The Story
Why it exists.
The beginning
Framboise Noire was released in 2015 by Shay & Blue London, a Marylebone-based house founded in 2012 by Dom De Vetta, whose background at Chanel and Jo Malone shaped a sensibility for restraint with real substance. The name is French for black raspberry, but here, the berry goes somewhere darker. Julie Massé composed the fragrance around a tension: fruit that doesn't stay sweet, and wood that doesn't stay quiet. It was positioned within the house's broader catalog alongside oud-forward compositions and aromatic explorations, finding its place as one of the more fruit-forward entries in a line known for restraint. The fragrance arrived discontinued in some markets not long after launch, but its supporters kept it alive in collector circles long past its official sell-out window.

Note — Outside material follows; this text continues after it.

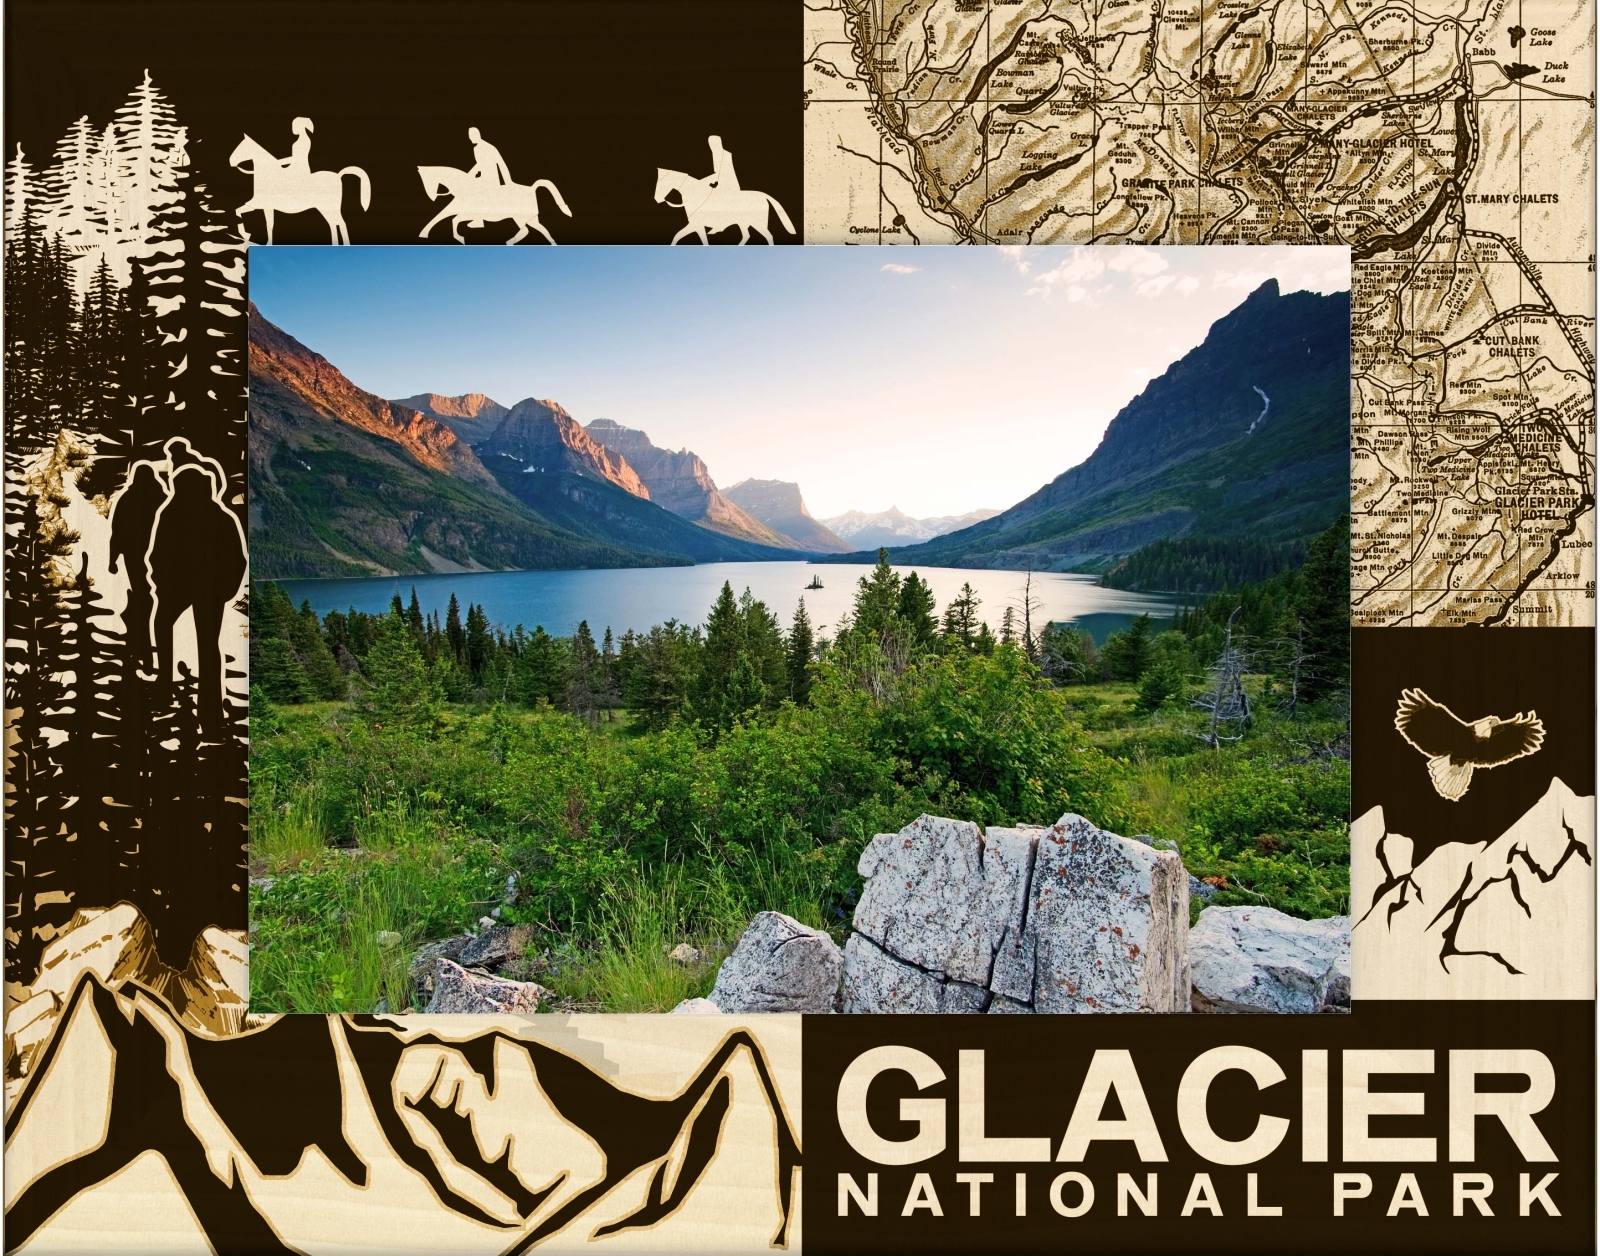 Primary image for Glacier National Park Laser Engraved Wood Picture Frame (5 x 7)
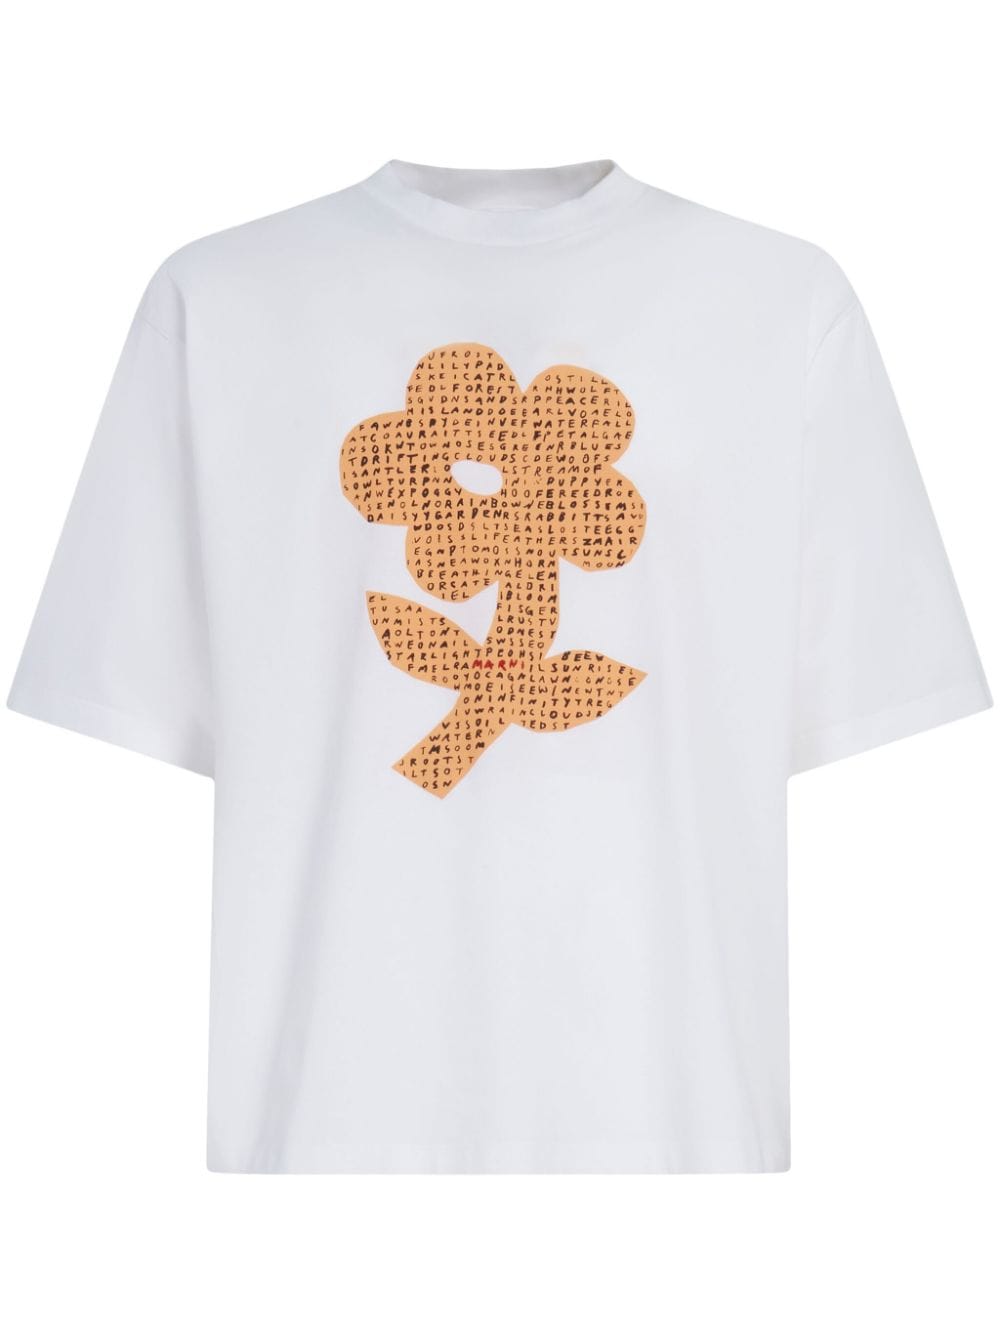 Floral-print cotton T-shirt<BR/><BR/><BR/>

The most interesting move in Framboise Noire is how the oud and iris work together without canceling each other out. Oud brings its dark, resinous, slightly animalic weight. Iris brings its powdery, violet-adjacent elegance. Together they create something that reads as wine-dark, not literally wine, but that same impression of depth and slight oxidation. The berry sweetness sits on top of this tension rather than resolving it. In the drydown, the black woods and musk settle into something intimate and close, the kind of warmth that stays near the skin for hours without announcing itself.
The evolution
The opening hits bright and a little reckless, black raspberry and forest berries arriving together in a rush that borders on fermented. Not green, not fresh. Sweet and dark, like jam that's been left out overnight and somehow improved. The transition to the heart is where it gets interesting. The berry doesn't disappear, it deepens, becoming less fresh fruit and more reduction, more compote. Iris and oud arrive slowly, the iris softening the sweetness with its powdery violet quality while the oud adds resinous weight underneath. By the time the drydown arrives, the sweetness has gone in and out of focus several times. Black woods and musk take over, creating something warm and close that lingers well past eight hours on most skin types. The next morning, there's a faint trace, still fruity, still dark, still unmistakably Framboise Noire.
Cultural impact
Framboise Noire arrived in 2015 during a wave of berry-forward niche fragrances, but it took a bolder path by marrying black raspberry with oud rather than the more conventional berry-floral route. The fragrance's discontinuation in several markets only fueled its cult status among collectors. Shay & Blue London built its reputation on approachable yet unconventional compositions, and Framboise Noire represents that ethos at its most daring. The berry-to-oud transition challenged norms in a period when fruity-oud compositions were still gaining mainstream acceptance, positioning this launch as an early entry point for enthusiasts exploring that territory.